YOUR INSTRUCTIONS: Copy the data that follows exactly as it is, excluding all pictures.

RECORDED DATA:

▼▼▼

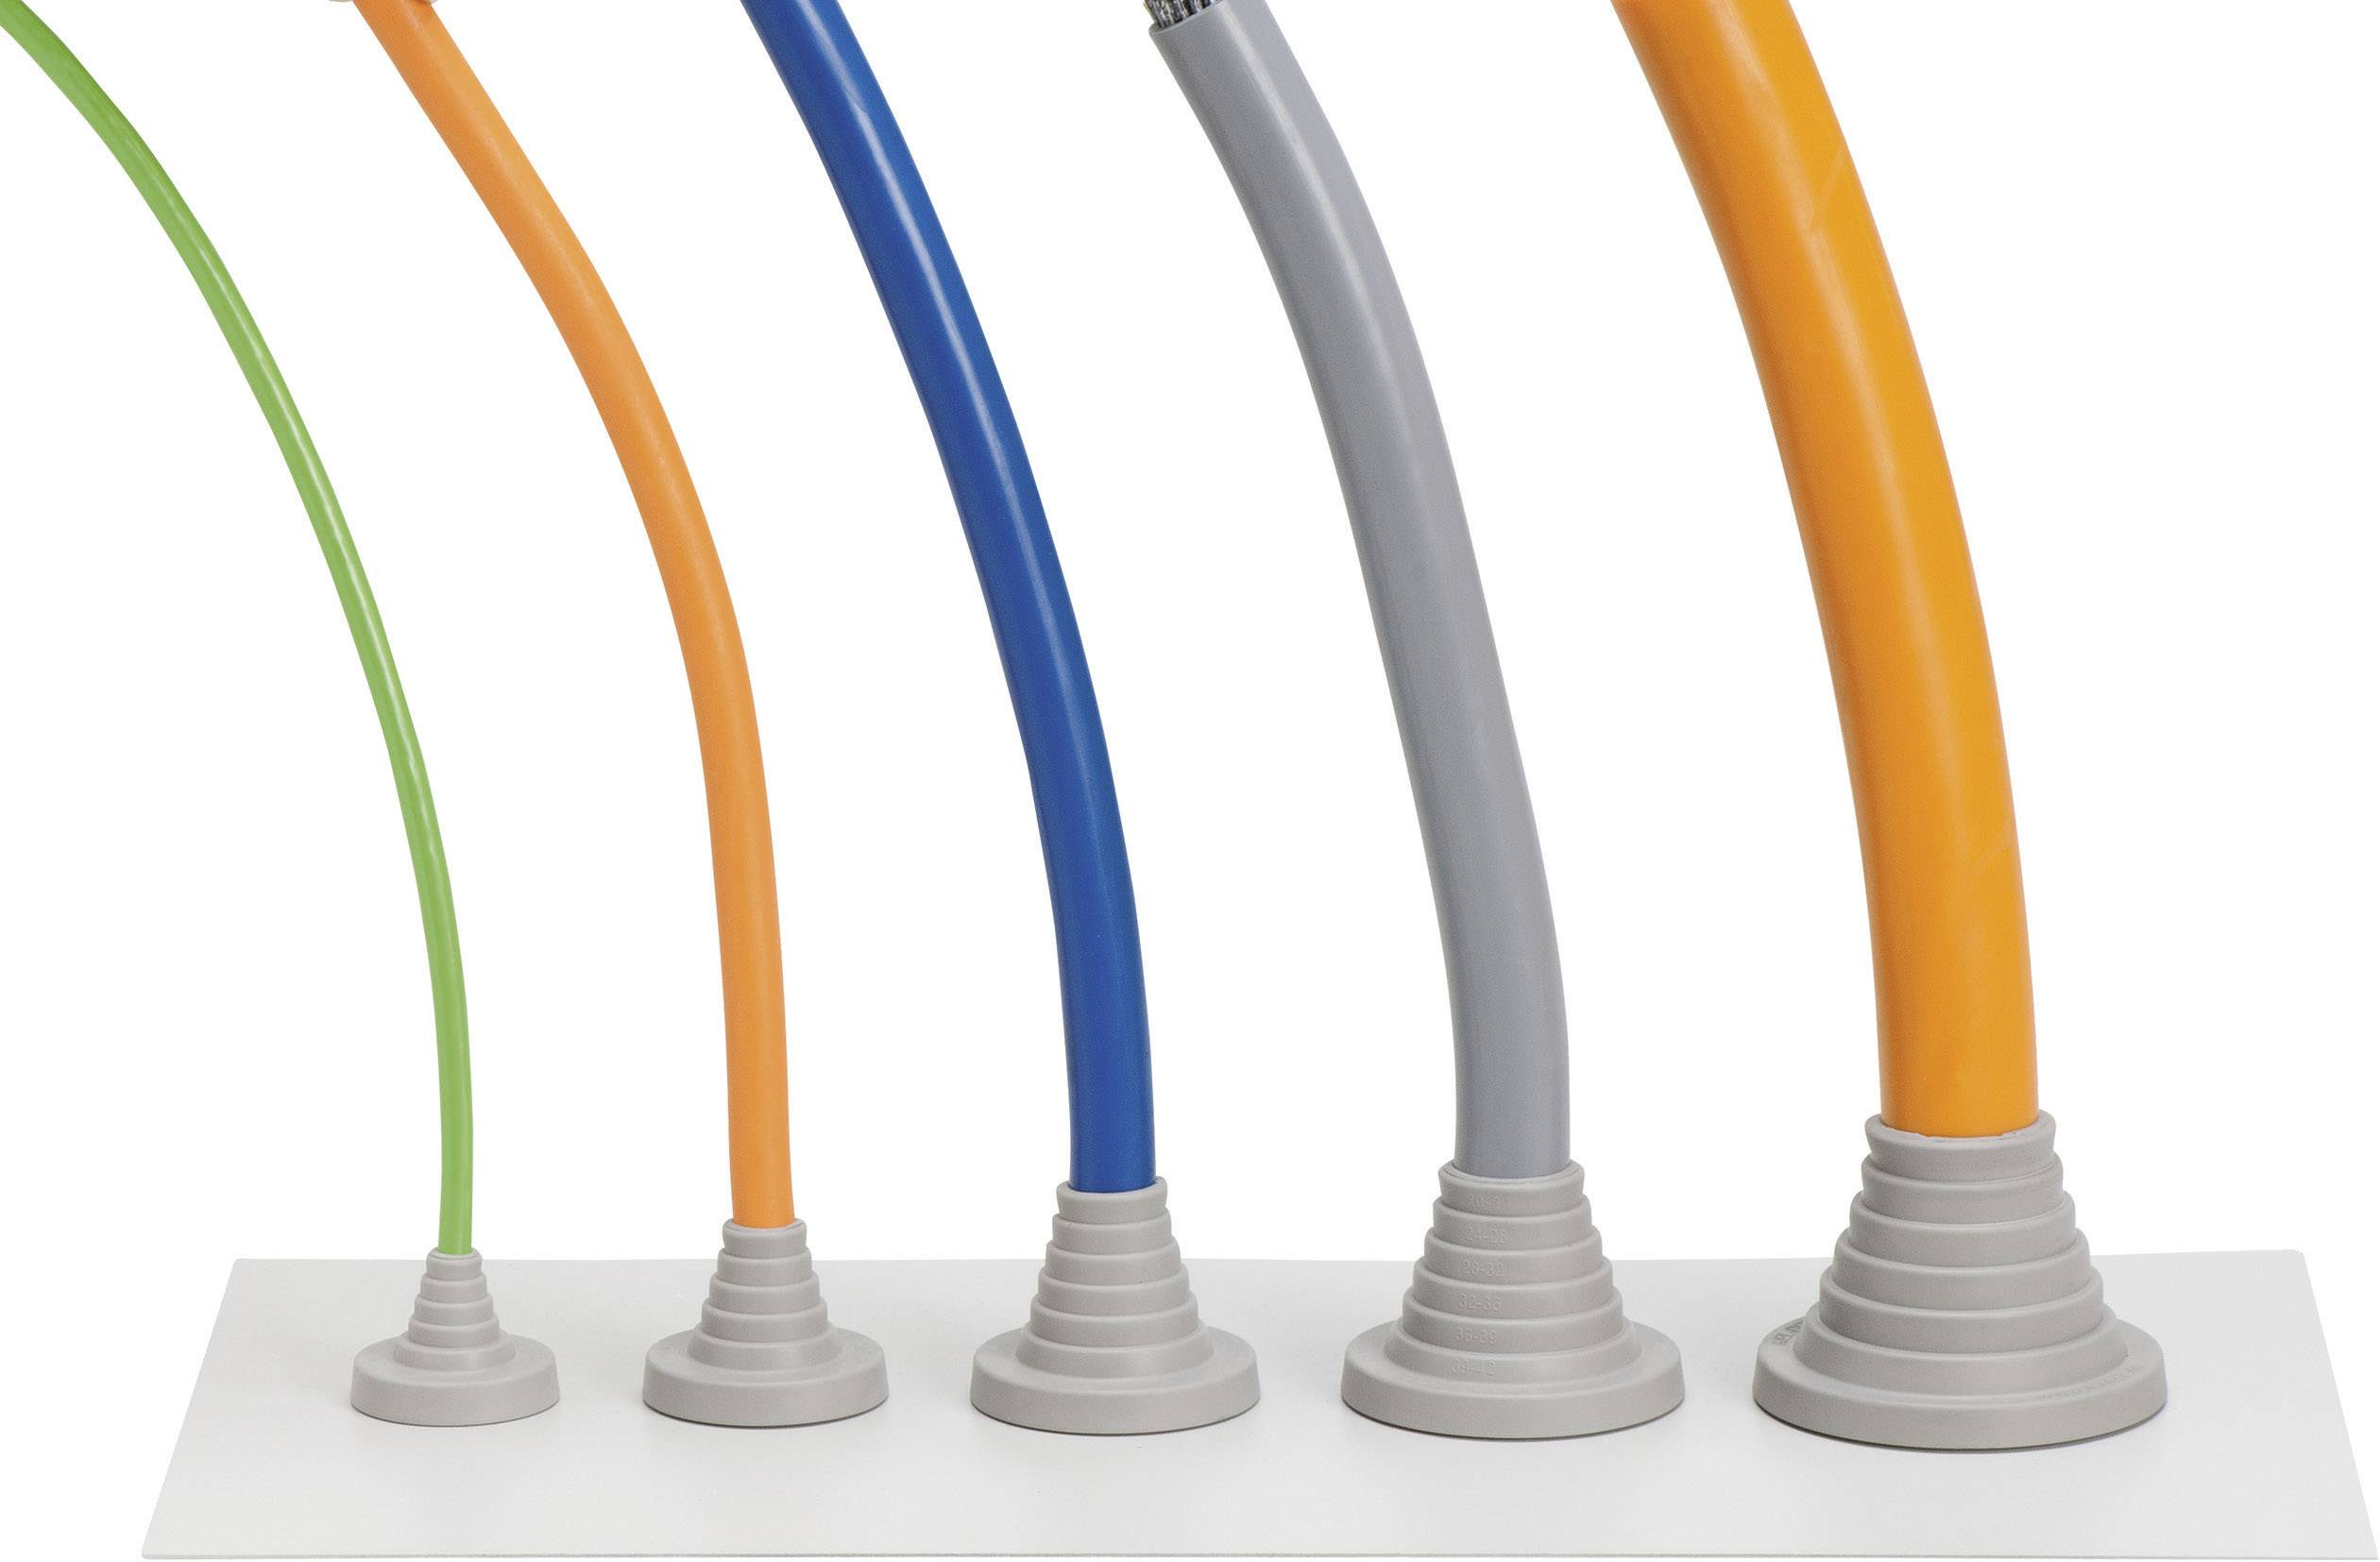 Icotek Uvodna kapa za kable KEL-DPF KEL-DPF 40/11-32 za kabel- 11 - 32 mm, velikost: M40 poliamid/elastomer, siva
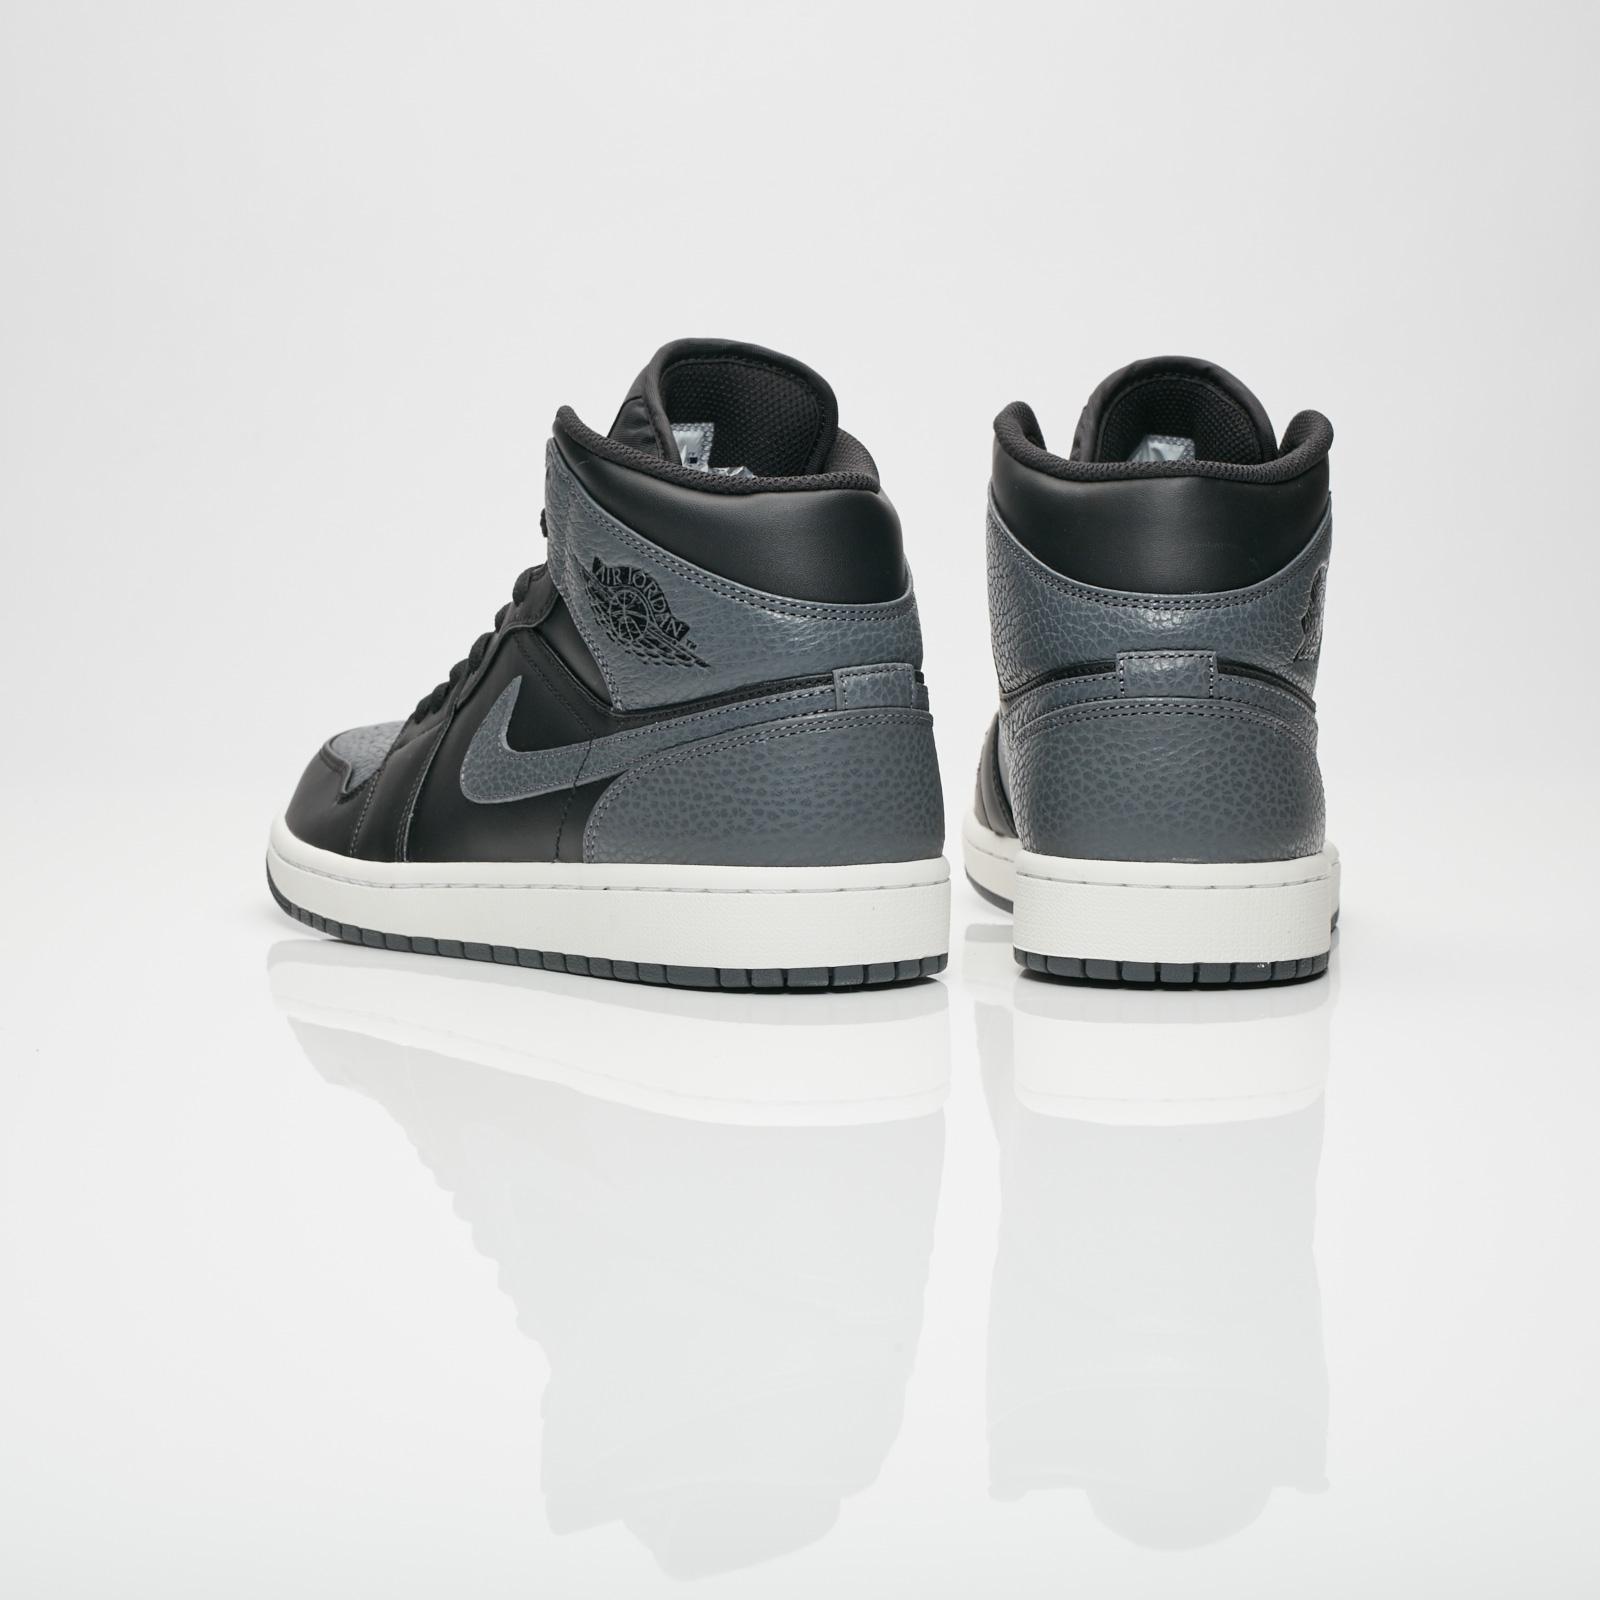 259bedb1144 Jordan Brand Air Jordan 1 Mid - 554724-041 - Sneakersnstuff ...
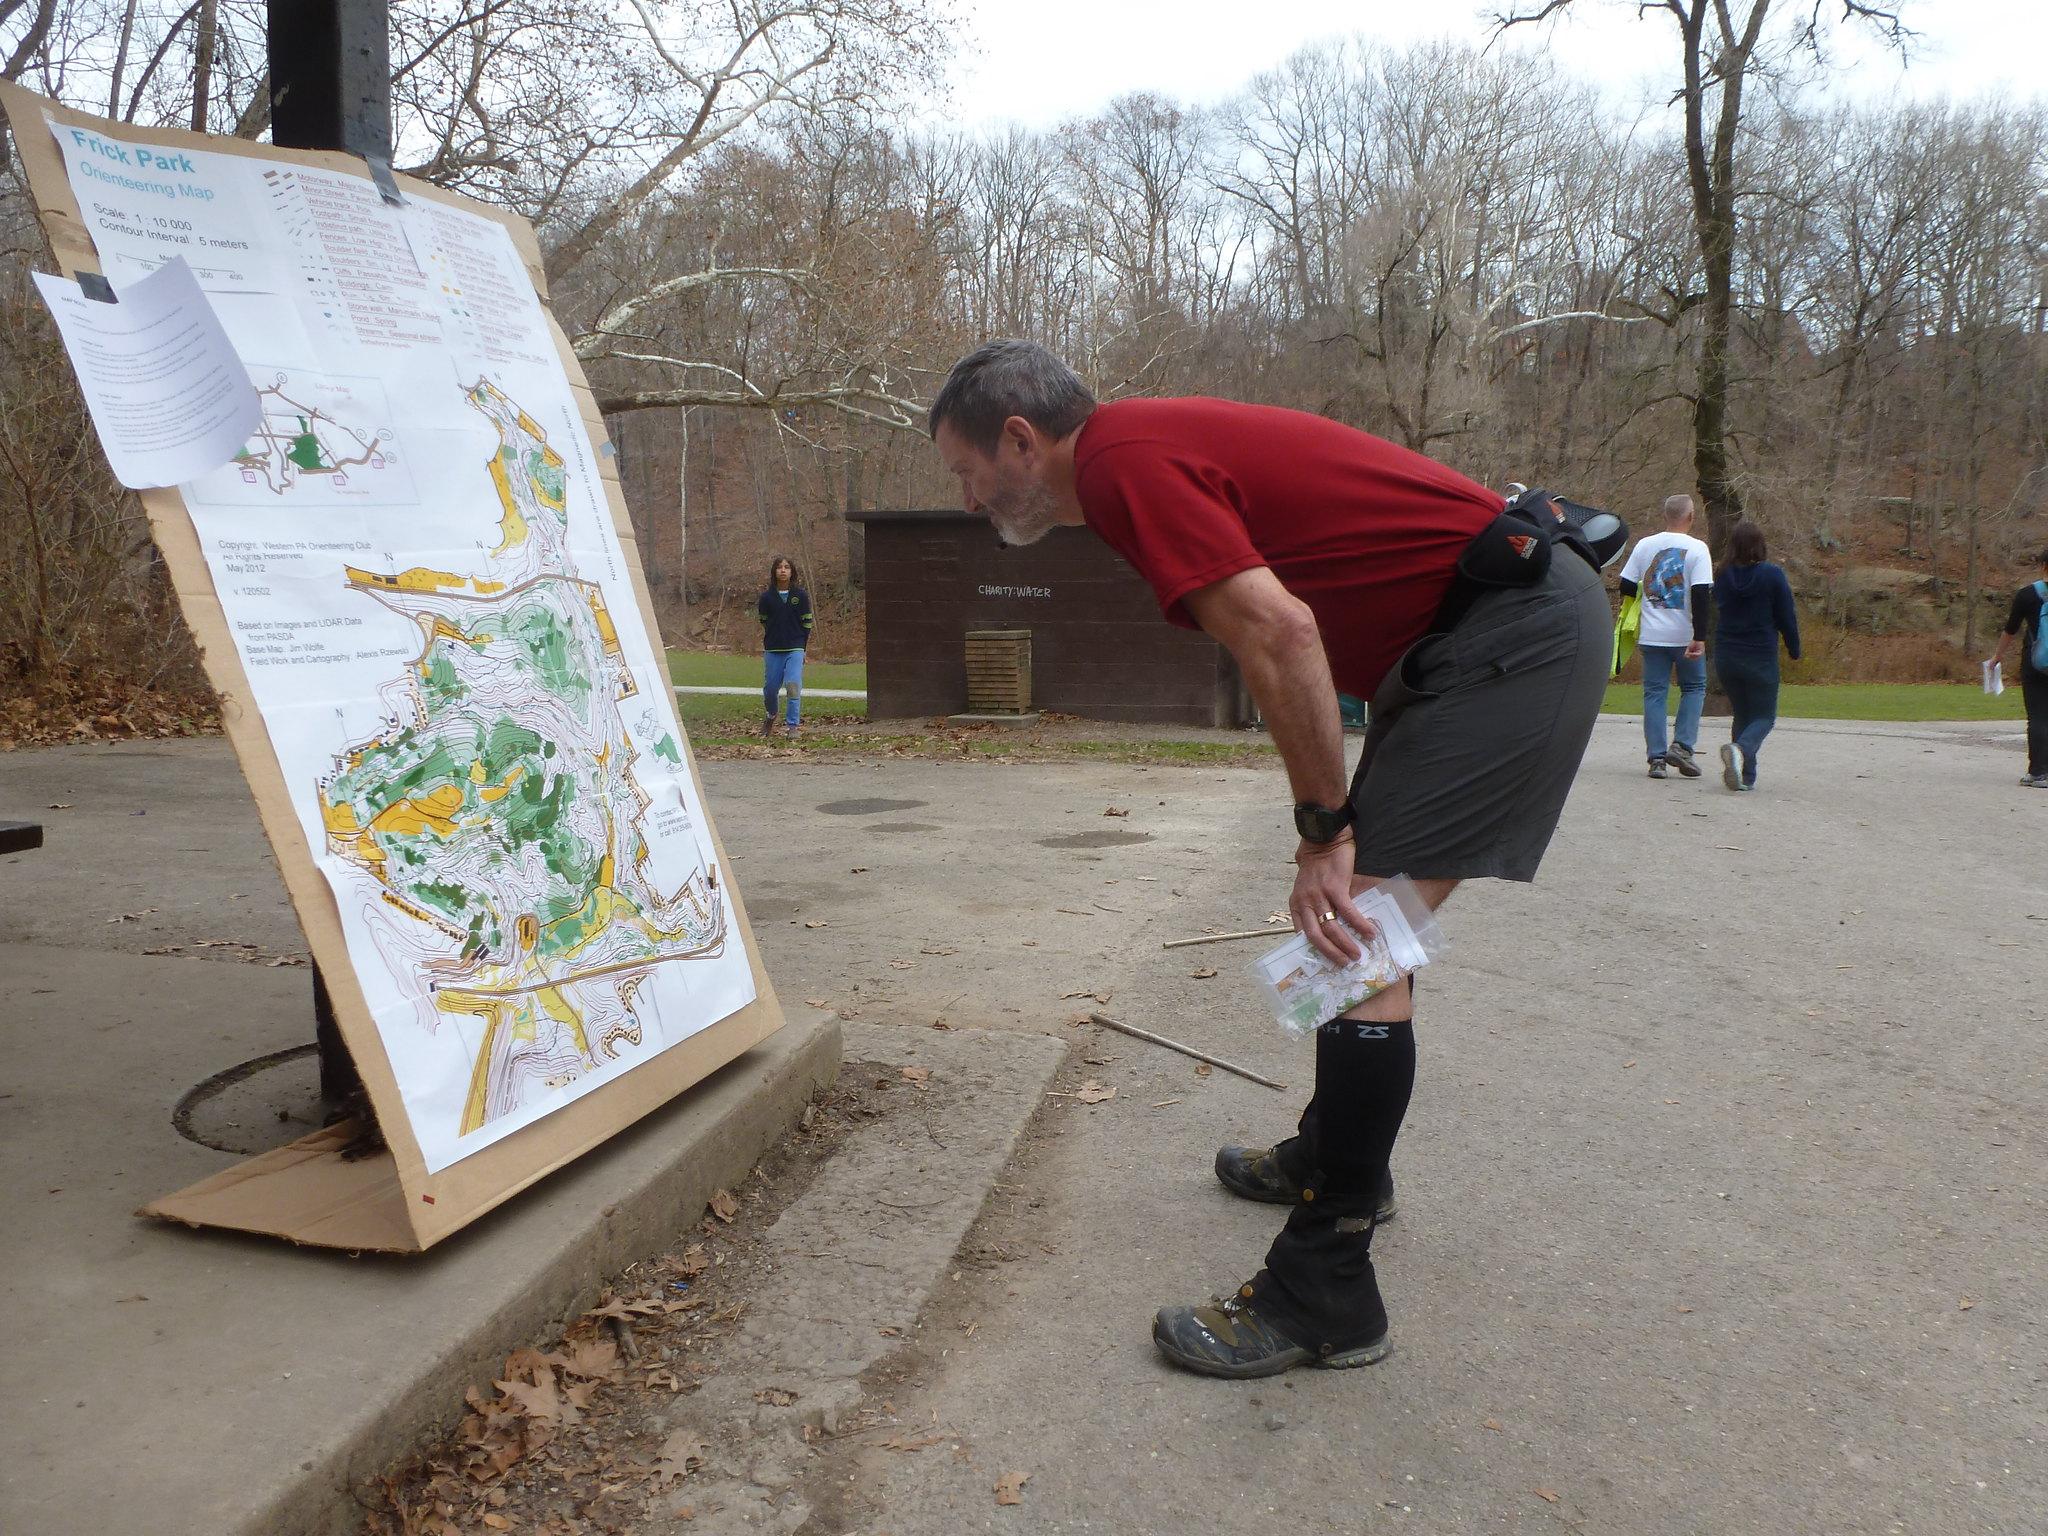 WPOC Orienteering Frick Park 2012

▲▲▲

PROBLEM SOLUTION:
 Icotek Uvodna kapa za kable KEL-DPF KEL-DPF 40/11-32 za kabel- 11 - 32 mm, velikost: M40 poliamid/elastomer, siva
 259bedb1144 Jordan Brand Air Jordan 1 Mid - 554724-041 - Sneakersnstuff ...
 WPOC Orienteering Frick Park 2012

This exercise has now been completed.